All records extend this abstract class. The methods are abstract, forcing the compiler (or programmer) to provide implementations.

The class is special — only the compiler can synthesize subclasses (records). Hand-written extensions of Record are invalid.


9. RecordComponent reflection

public final class RecordComponent {
    public String getName() { ... }
    public Class<?> getType() { ... }
    public Type getGenericType() { ... }
    public Method getAccessor() { ... }
    public Annotation[] getAnnotations() { ... }
    // ...
}

RecordComponent[] components = MyRecord.class.getRecordComponents();

Used heavily by serialization libraries (Jackson, GSON), validation libraries, and frameworks that need to inspect record structure.


10. ObjectMethods.bootstrap

public static Object bootstrap(MethodHandles.Lookup lookup,
                                String methodName,
                                TypeDescriptor type,
                                Class<?> recordClass,
                                String names,
                                MethodHandle... getters);

Called by invokedynamic to generate equals, hashCode, or toString for a record. Returns a MethodHandle (or CallSite) implementing the requested method.

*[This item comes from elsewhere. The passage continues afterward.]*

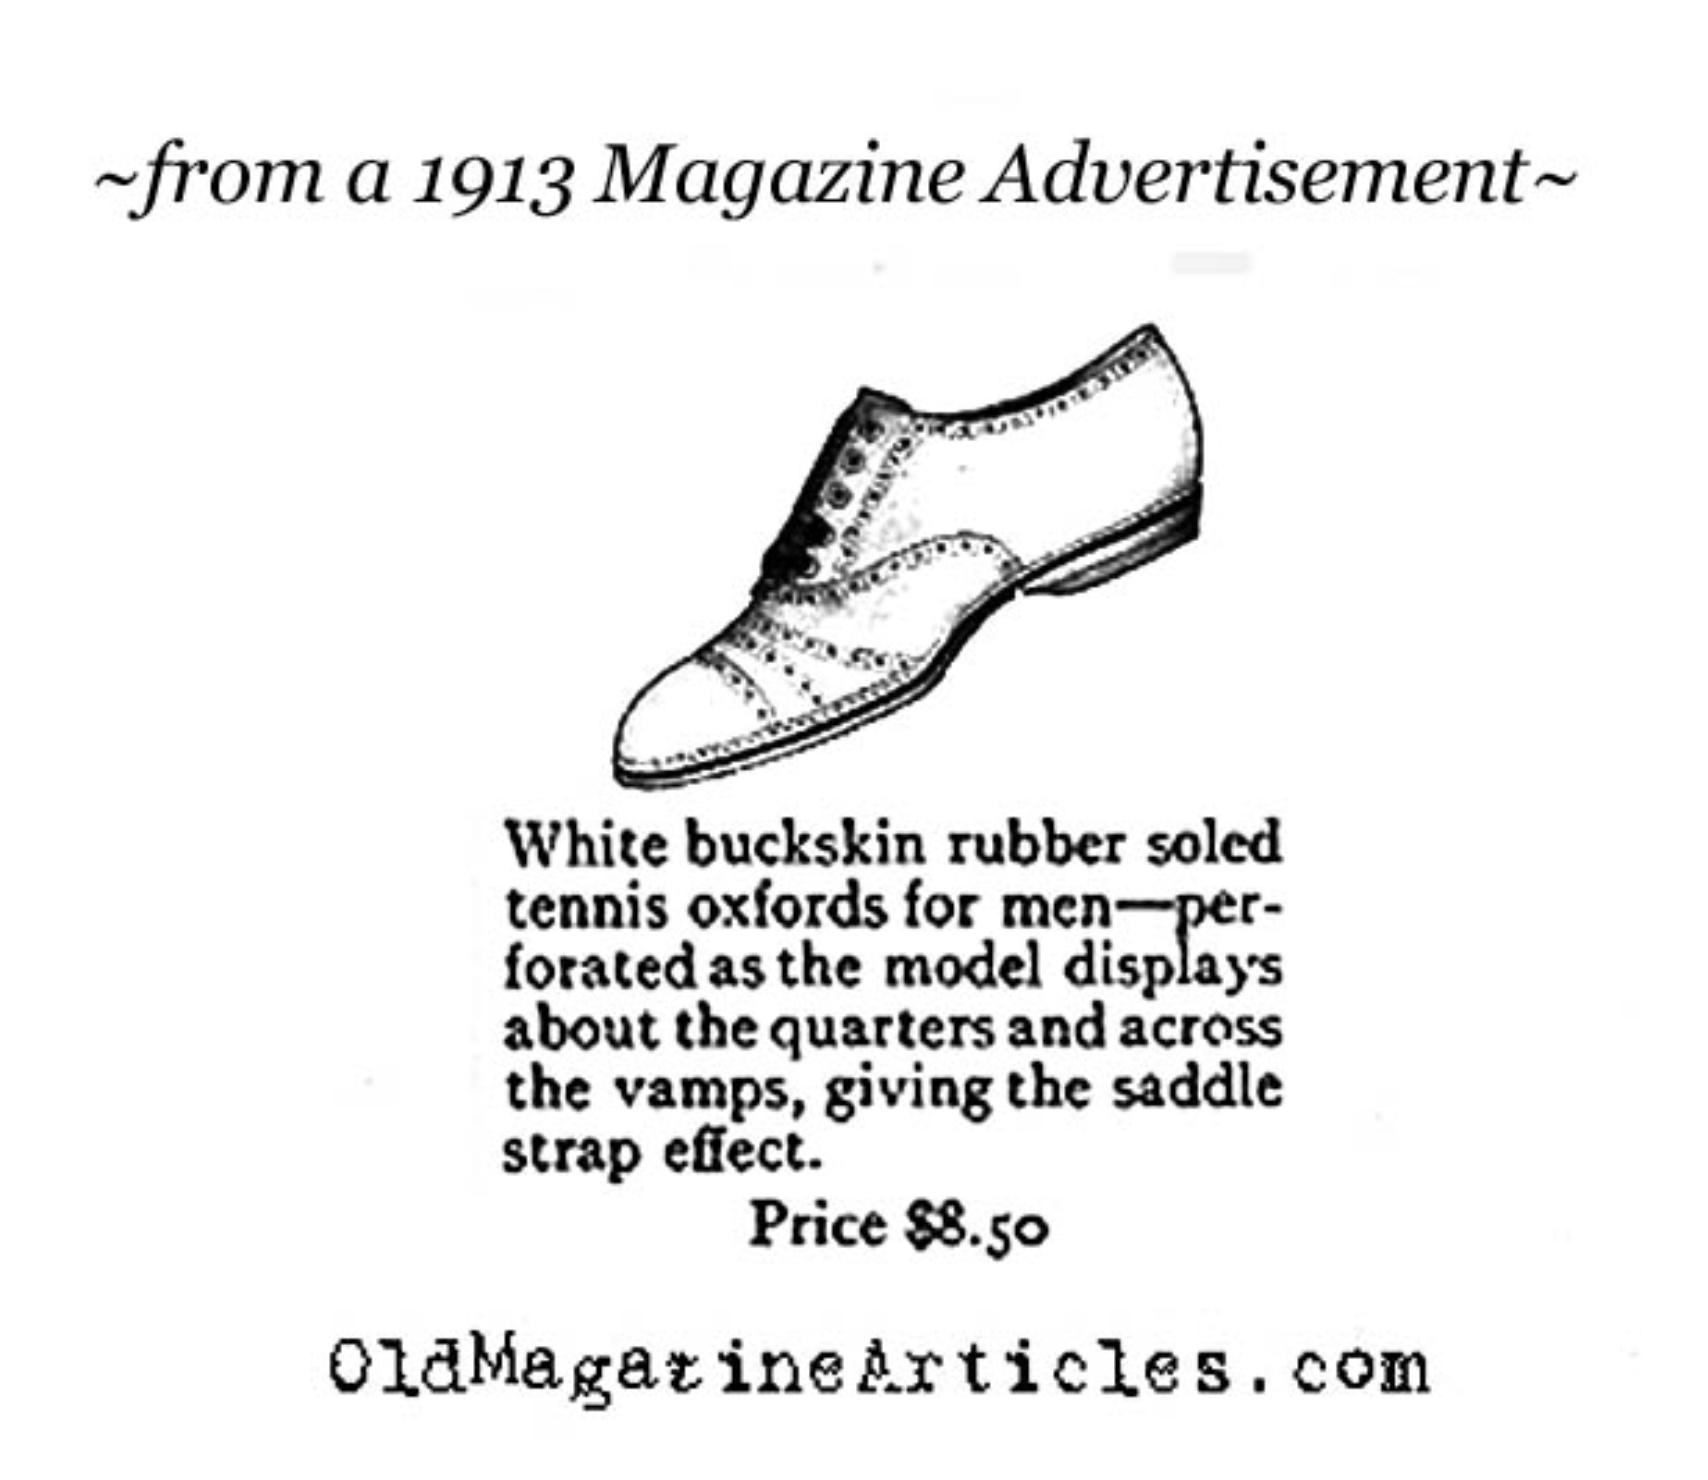 tennis shoes 1920 tennis shoes 1910 mens tennis shoes
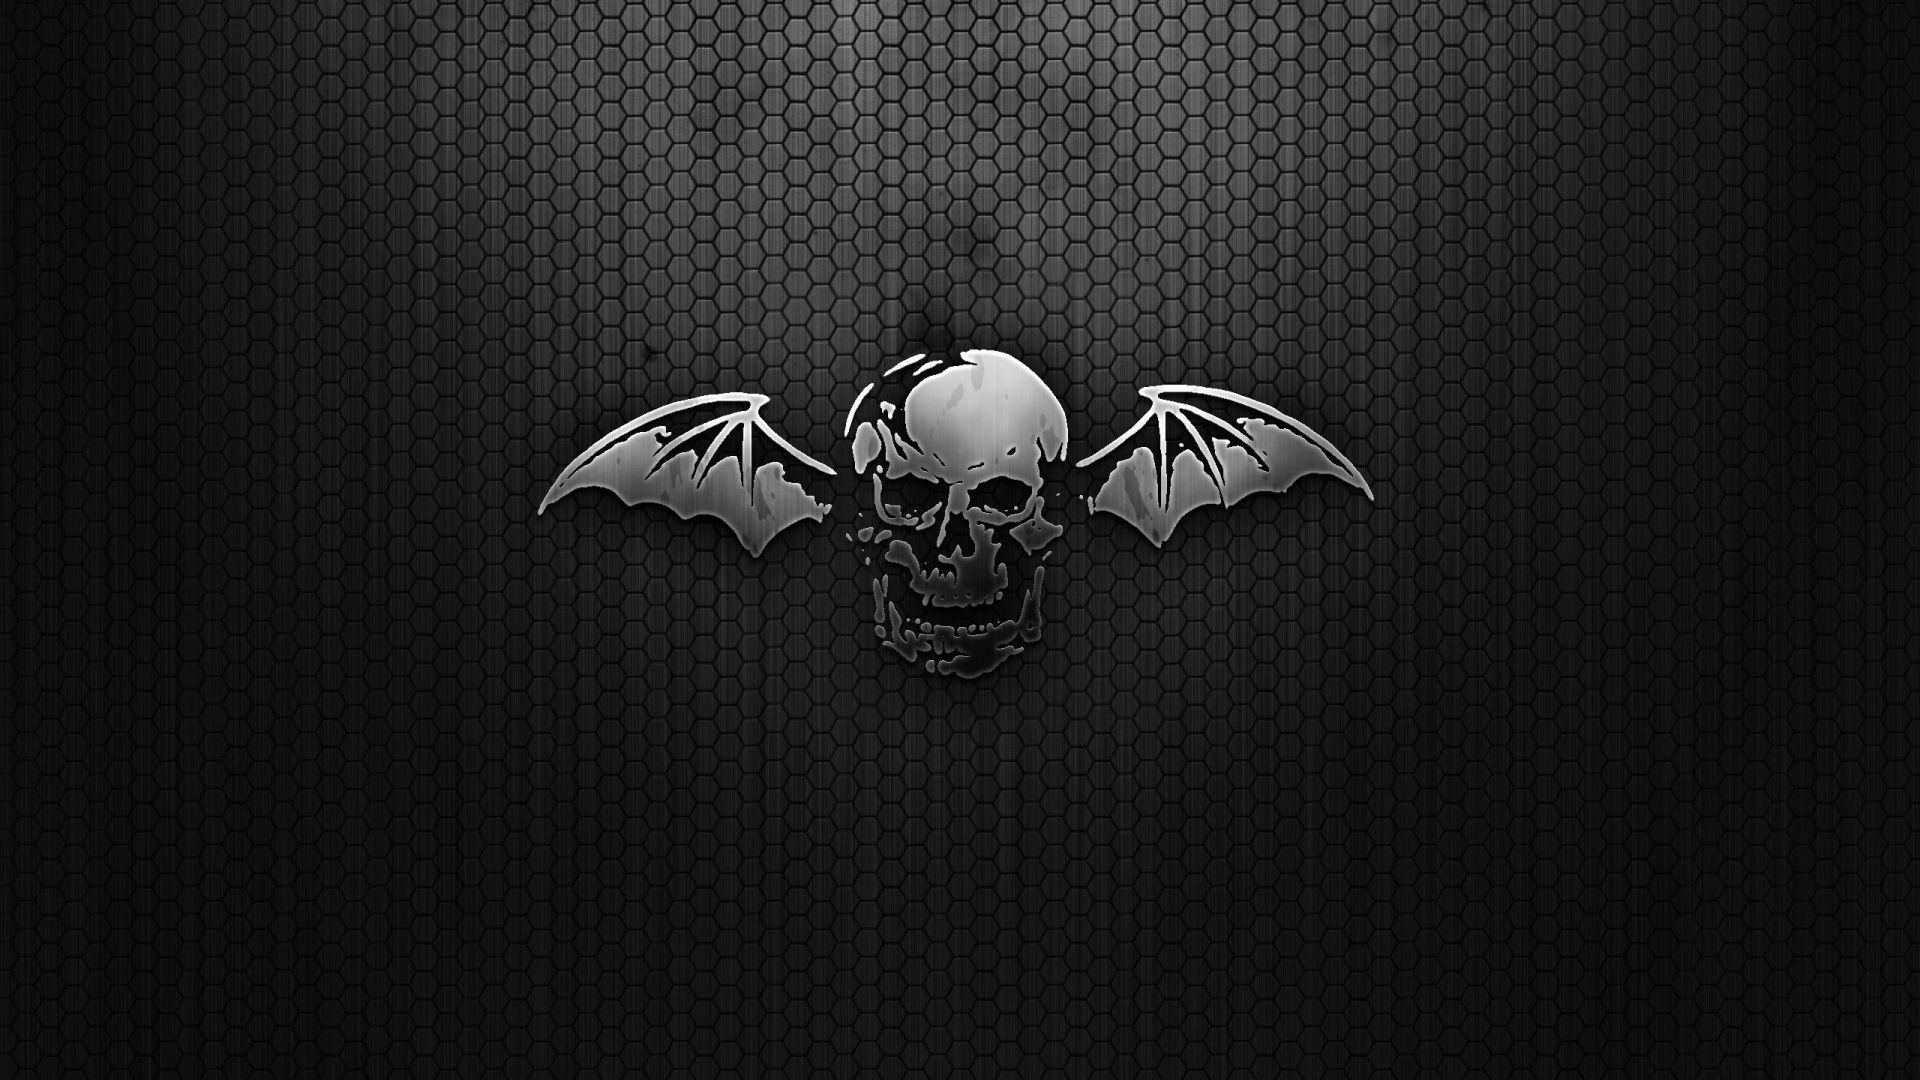 Wallpaper black wallpapers hd hd wallpapers pinterest dark wallpaper black wallpapers hd voltagebd Choice Image

This bootstrap is what makes the auto-generated methods both compact in bytecode and efficient at runtime.


11. Pattern matching (JLS §14.30)

Patterns enable destructuring tests:

case Point(int x, int y) -> ...;
case Pair(Point(int x1, int y1), Point(int x2, int y2)) -> ...;

The compiler emits accessor calls to extract each component. With sealed types, the compiler verifies exhaustiveness.

For records specifically, the components are always in declaration order. The pattern variables are bound after each accessor returns.


12. JEP timeline

  • JEP 359: Records (Preview) — Java 14
  • JEP 384: Records (Second Preview) — Java 15
  • JEP 395: Records — Java 16 (standardized)
  • JEP 405: Record Patterns (Preview) — Java 19
  • JEP 432: Record Patterns (Second Preview) — Java 20
  • JEP 440: Record Patterns — Java 21 (standardized)

13. Reading order

  1. JLS §8.10 — record declaration
  2. JLS §8.10.1 — components
  3. JLS §8.10.3 — auto-generated members
  4. JLS §8.10.4 — constructors
  5. JLS §8.10.5 — restrictions
  6. JVMS §4.7.30 — Record attribute
  7. java.lang.Record Javadoc
  8. RecordComponent Javadoc
  9. ObjectMethods.bootstrap Javadoc
  10. JLS §14.30 — patterns
  11. JLS §14.30.1.4 — record patterns

Memorize this: records are specified in JLS §8.10. They're a class extending Record with implicit final, private final component fields, public accessors, and auto-generated equals/hashCode/toString. The Record attribute (JVMS §4.7.30) is what makes them reflectively recognizable. Compact constructors validate before assignment. Pattern matching uses accessors for deconstruction.